Atop is the only system monitor in this round-up to show the I/O load and network traffic at process level (Figure 4). This assumes you have a patched kernel, however. Patches are currently available on the Atop homepage [4] for kernel versions up to 2.6.21. For these metrics, you need to launch the application with root privileges. It will probably not be worth your while patching and rebuilding the kernel just to run a system monitor, unless you are putting together a test system for software evaluation before production use; in this case, Atop can give you some useful information. Atop will run on unpatched systems, but it will not give you network load and disk I/O information at the process level.

Figure 4: If you patch the kernel, you can get Atop to give you the I/O and network load for individual processes.

KSysguard

The definitive feature of KSysguard [5] is its configurability; users can use the sensor browser to display global acquired values for the required sensors hierarchically in a tree structure and use the mouse to drag them to an empty spot in the workspace (Figure 5).

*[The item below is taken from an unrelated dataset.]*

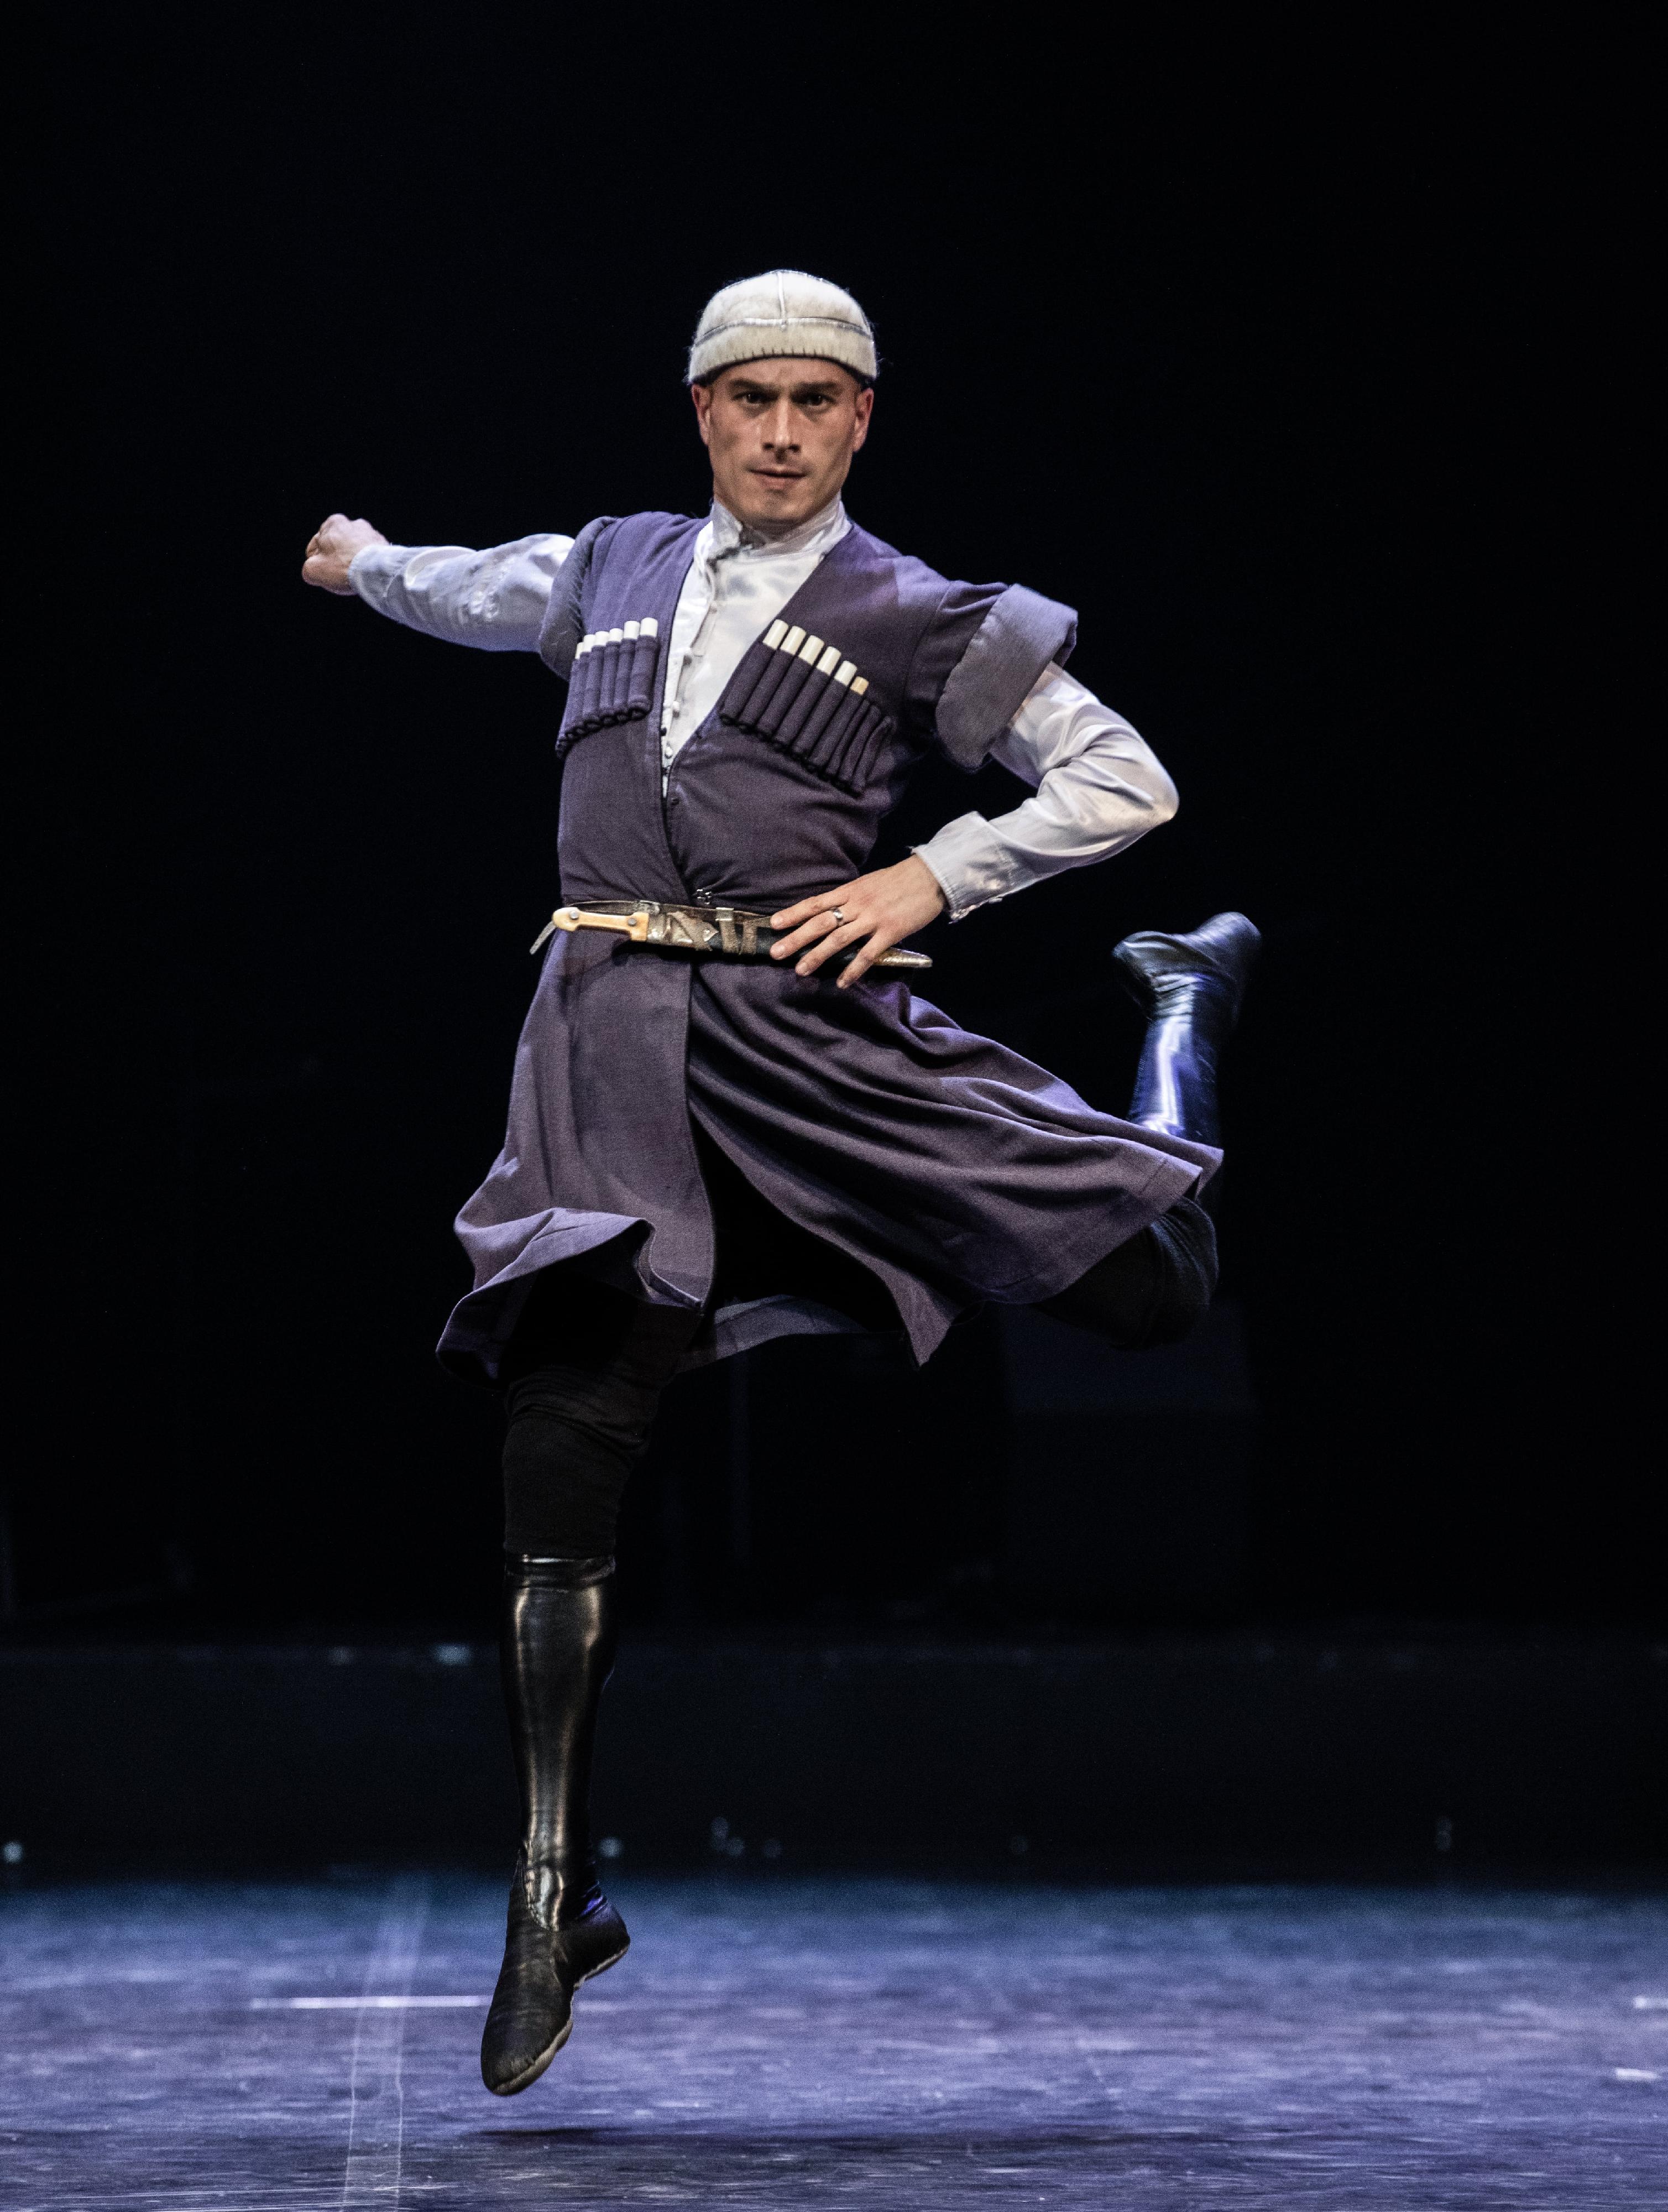 康乐及文化事务署邀得格鲁吉亚国家舞蹈团于五月三十一日及六月一日在沙田大会堂演出。图示格鲁吉亚国家舞蹈团过往演出剧照。

KSysguard assigns a tab at the top of the window to each workspace so that the application can display numerous sensor values at the same time without sacrificing readability. KSysguard visualizes the values as figures, bar graphs, or line graphs. Instead of displaying values, the software can also write the values to a file. A graph can visualize multiple values at the same time, and you can customize the colors in this case.

Figure 5: KSysguard gives users the feature scope of a small monitoring solution, but it launches too slowly in heavy-load scenarios.

In recent versions, there is a search box above the process overview. When you type an entry, the tool leaves entries that contain your search key in the process table. If you select one or more processes in the list, you can right-click to issue a Unix signal to kill the processes or modify their priorities. Right-clicking also lets users display or hide columns with acquired values, and there is an option for hiding other users' processes.

The CPU and I/O load values that KSysguard gives you are what you would expect from Top, apart from the I/O wait component. Apart from CPUs and hard disks, the software also monitors network traffic and differentiates between network adapters and protocols.

The KSysguard daemon compensates for the disadvantage of X Window applications (that they require a fast network connection for remote use) with the use of a local KSysguard instance to start an instance on a remote machine. On KDE-based systems, administrators can assume that the daemon is installed because it is part of the KDE basic package. In combination with the configurable tabbed display and the ability to log the data it visualizes, KSysguard comes close to being a full-fledged monitoring solution. However, this feature scope makes KSysguard a slow starter on systems under heavy load.

Gnome System Monitor

If you assume that KDE components place more emphasis on feature scope and that Gnome programs focus on usability at the cost of some features, you could find your assumptions partly confirmed in this comparison of the KDE and Gnome system monitors: The global resource statistics show an unqualified CPU load value; the virtual memory usage, including the percentage swapped out; and the volume of network traffic for all adapters. Users can configure the colors and the update interval.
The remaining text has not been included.